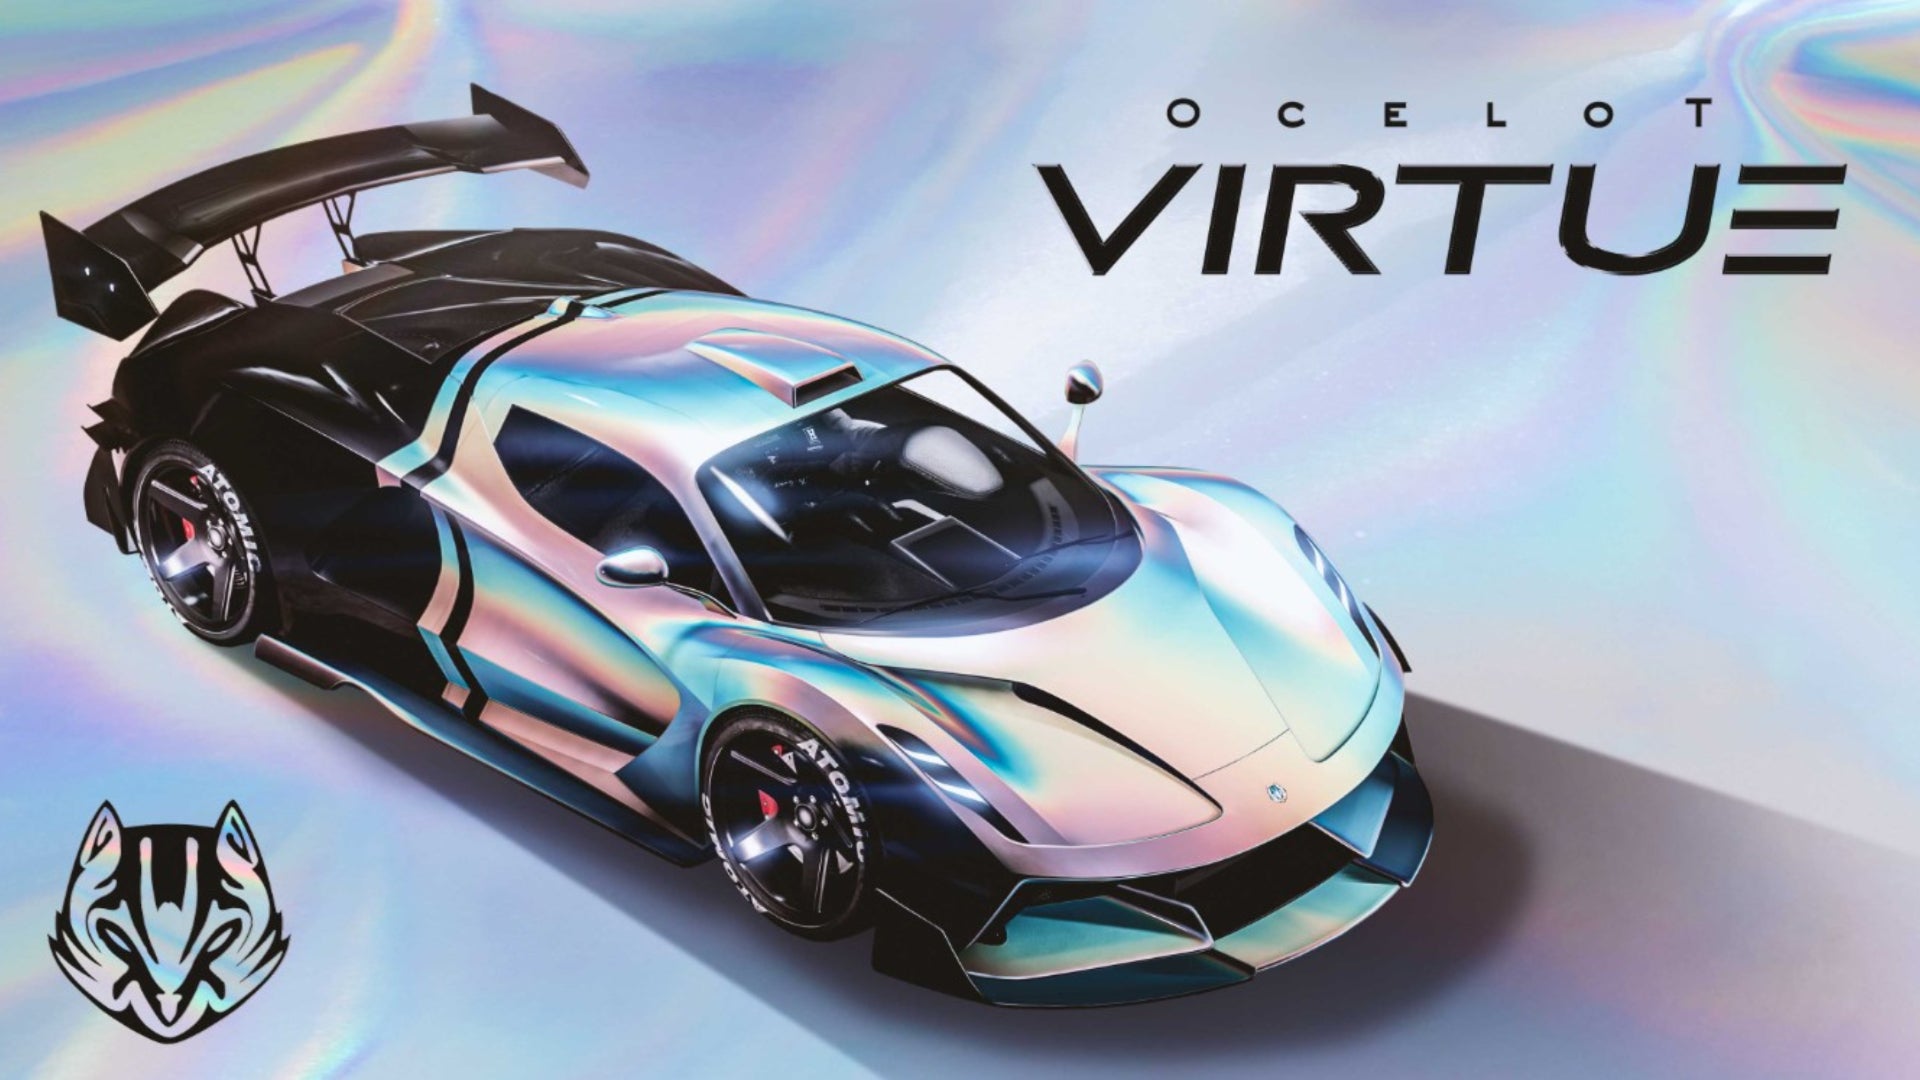 GTA Online, offizielles Newswire-Bild von Ocelot Virtue
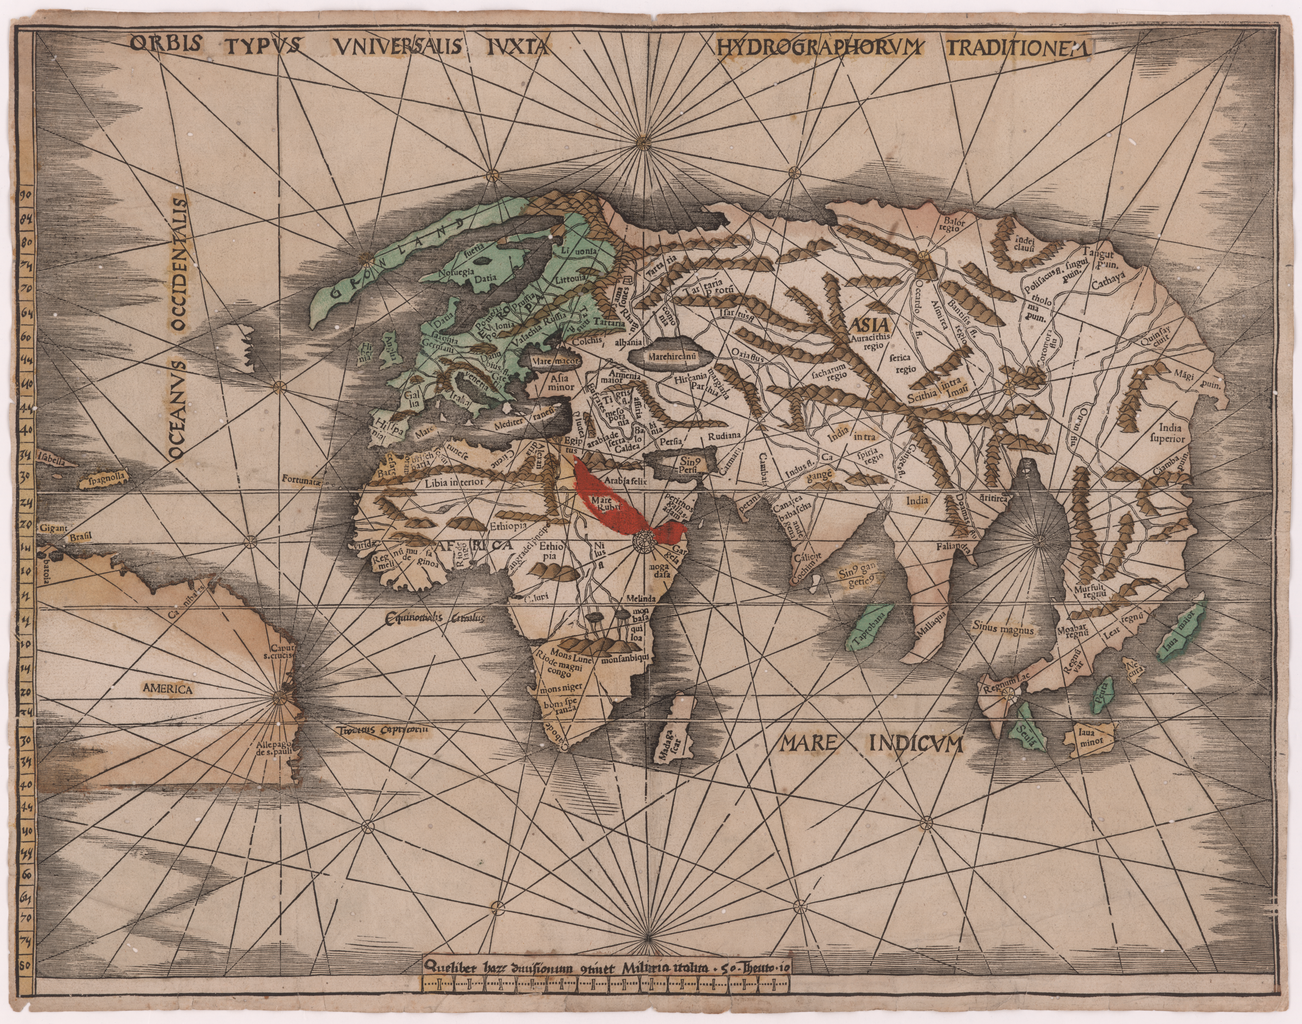 十六世纪的欧洲制图师绘制的地图:充满神秘色彩
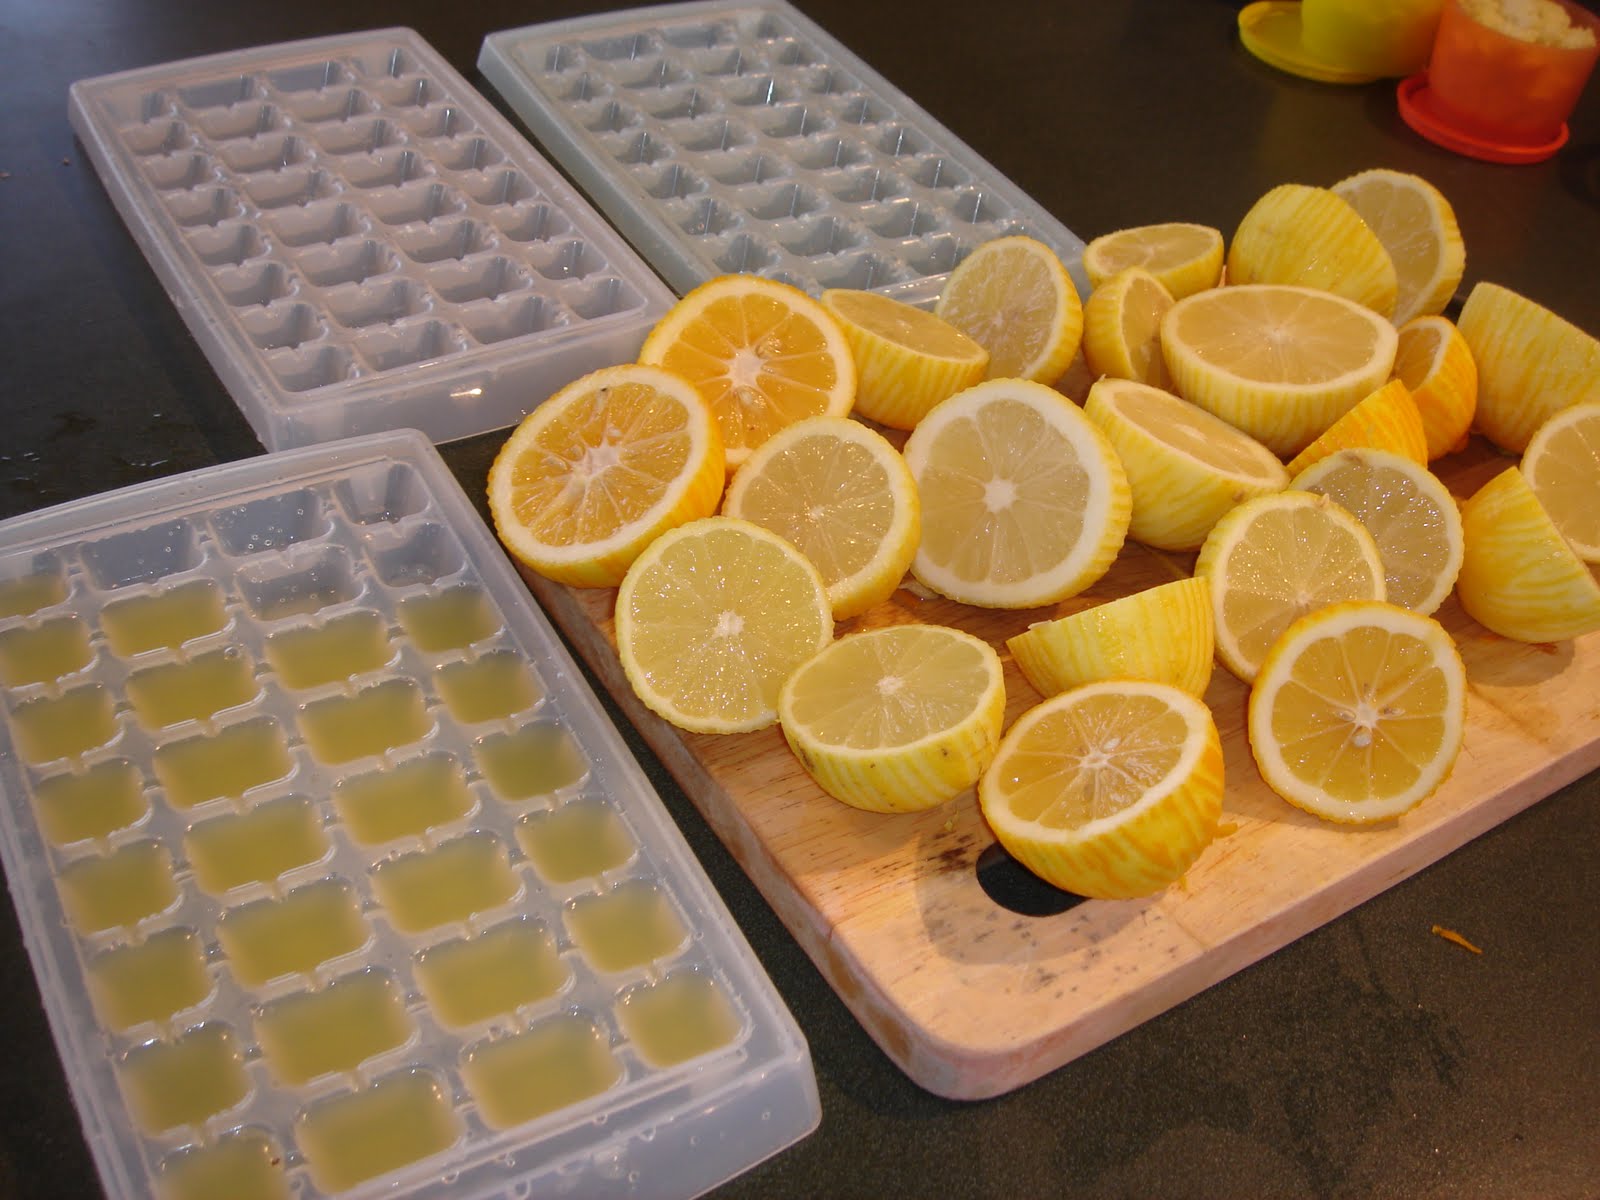 Как сохранить лимоны в домашних условиях

Exercise requirements: Down to the last line, print the material exactly, but not its pictures.

Output for this exercise:
 GTA Online, offizielles Newswire-Bild von Ocelot Virtue
 十六世纪的欧洲制图师绘制的地图:充满神秘色彩
 Как сохранить лимоны в домашних условиях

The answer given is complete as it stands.